Qiime2 performance multi user

arwqiime · November 12, 2020, 1:56pm

Hello,
I have setup a linux machine with Qiime2-2020.8 via miniconda environment as @thermokarst recommended last year. (accessible installation on /opt/miniconda/...). It worked just fine during the bioinformatics course last year (with a 2019 edition of qiime and a silva-132 classifiers). This year I have roughly the same number of students in my course (10) but I a using the silva-138-99-nb-classifiers from your website with q2-2020.8 on the same linux machine (CentOS7). But now we ran into /tmp issues telling me that there is to less space avaialble for the users. The problematic step si: qiime feature-classifier classify-sklearn; each student used only one thread since I was aware that the new classifier requiresmore disk space.

I have checked it with coulleagues in out IT department, but they tell me that there is enough free disk space available.

Is there any setting in q2 that I should consider to change in order to get it running?
The number of reads is not too high, ca. 16,500 freatures (ASVs from dada2) with ca. 4 Mio reads in 20 samples. My system has 12 cores and 128 GB RAM.

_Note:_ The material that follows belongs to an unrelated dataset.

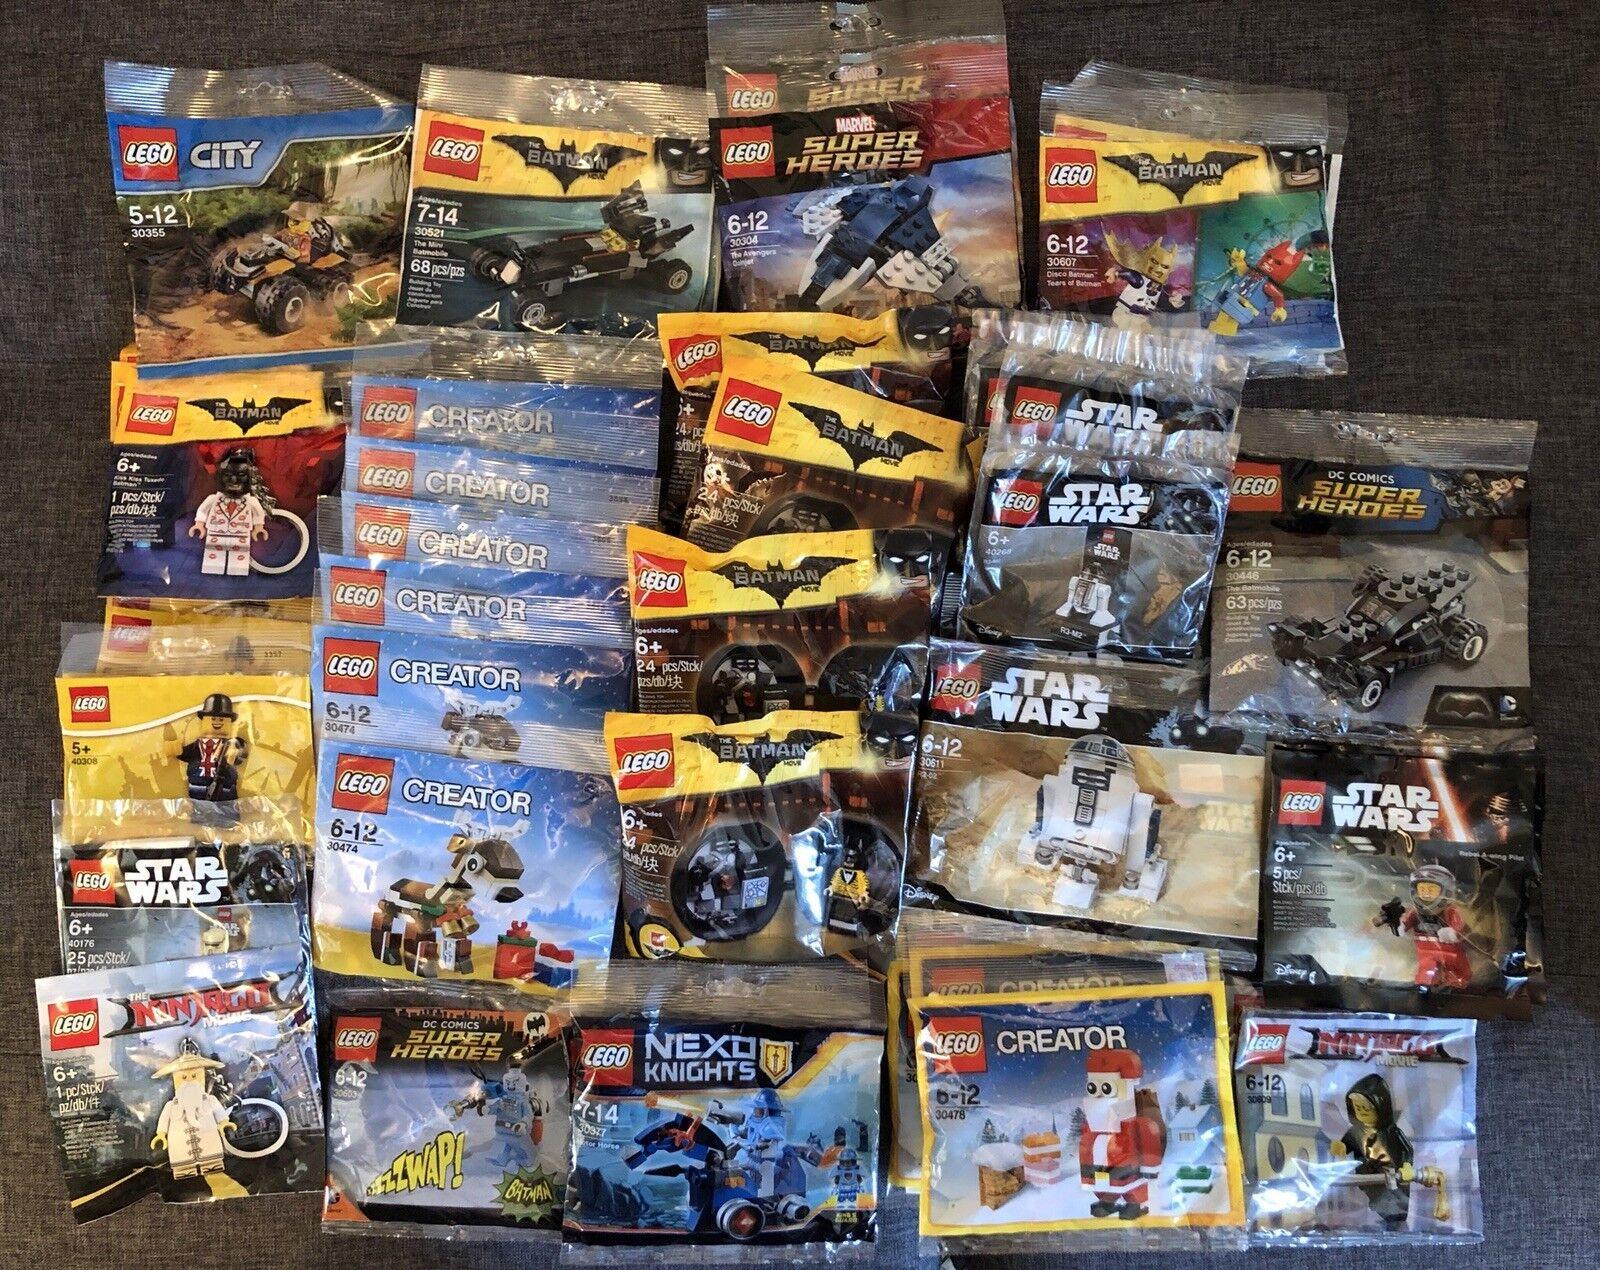 48 48 48 x Lego Polybag Bundle Star Wars Ninjago Christmas Batman Creator Super Heroes 7f2413

Do you have any suggestion how to improve performance of the analysis?

Best regards!

Traceback (most recent call last):
File "/opt/miniconda3/envs/qiime2-2020.8/lib/python3.6/site-packages/q2cli/commands.py", line 329, in call
results = action(**arguments)
File "", line 2, in classify_sklearn
File "/opt/miniconda3/envs/qiime2-2020.8/lib/python3.6/site-packages/qiime2/sdk/action.py", line 234, in bound_callable
spec.view_type, recorder)
File "/opt/miniconda3/envs/qiime2-2020.8/lib/python3.6/site-packages/qiime2/sdk/result.py", line 289, in _view
result = transformation(self._archiver.data_dir)
File "/opt/miniconda3/envs/qiime2-2020.8/lib/python3.6/site-packages/qiime2/core/transform.py", line 70, in transformation
new_view = transformer(view)
File "/opt/miniconda3/envs/qiime2-2020.8/lib/python3.6/site-packages/q2_feature_classifier/_taxonomic_classifier.py", line 71, in _1
tar.extractall(dirname)
File "/opt/miniconda3/envs/qiime2-2020.8/lib/python3.6/tarfile.py", line 2010, in extractall
numeric_owner=numeric_owner)
File "/opt/miniconda3/envs/qiime2-2020.8/lib/python3.6/tarfile.py", line 2052, in extract
numeric_owner=numeric_owner)
File "/opt/miniconda3/envs/qiime2-2020.8/lib/python3.6/tarfile.py", line 2122, in _extract_member
self.makefile(tarinfo, targetpath)
File "/opt/miniconda3/envs/qiime2-2020.8/lib/python3.6/tarfile.py", line 2171, in makefile
copyfileobj(source, target, tarinfo.size, ReadError, bufsize)
File "/opt/miniconda3/envs/qiime2-2020.8/lib/python3.6/tarfile.py", line 252, in copyfileobj
dst.write(buf)
OSError: [Errno 28] No space left on device

andrewsanchez · November 12, 2020, 6:21pm

Hi, @arwqiime!

You can change the directory QIIME 2 uses to store temporary files by setting the TMPDIR environment variable. For example, before running the command you can set TMPDIR by with something like the following command: export TMPDIR="/dir/with/lots/of/data"

Will that work for you and your students? Of course, you can also try cleaning up TMPDIR to free up space.

That being said, OSError: [Errno 28] No space left on device can sometimes be more complicated than simple disk space.

arwqiime · November 13, 2020, 8:38am

Hi @andrewsanchez, thank you for your comments.
We have directed TMPDIR to another dir for the moment.

Could I get your comment on one detail of that step: We use amplicon products from 16S AND 18S sequences (primer 515F and 907R) to get both, bacteria and eukaryotes. Therefore, we used the q2 classifier for the entire SSU from the q2 documents website.
Would you expect a reduction of server load (temporary data and or RAM), if I would extract the reference sequences to the 515-907 region only? The classifier of the 515-806 region is only 30% in size of the full classifier.
Best regards

Nicholas_Bokulich · November 13, 2020, 8:51am

Yes, almost definitely

Note that 515-806 does not hit 18S (I think), so you might not see as much of a reduction in size, but something similar.

So do it! Faster to train, faster to classify.

Trimming to the same primers that you are using should also yield a slight increase in accuracy; you can test and compare classification performance with trimmed vs. untrimmed sequences using RESCRIPt:

system · December 14, 2020, 2:52pm

This topic was automatically closed 31 days after the last reply. New replies are no longer allowed.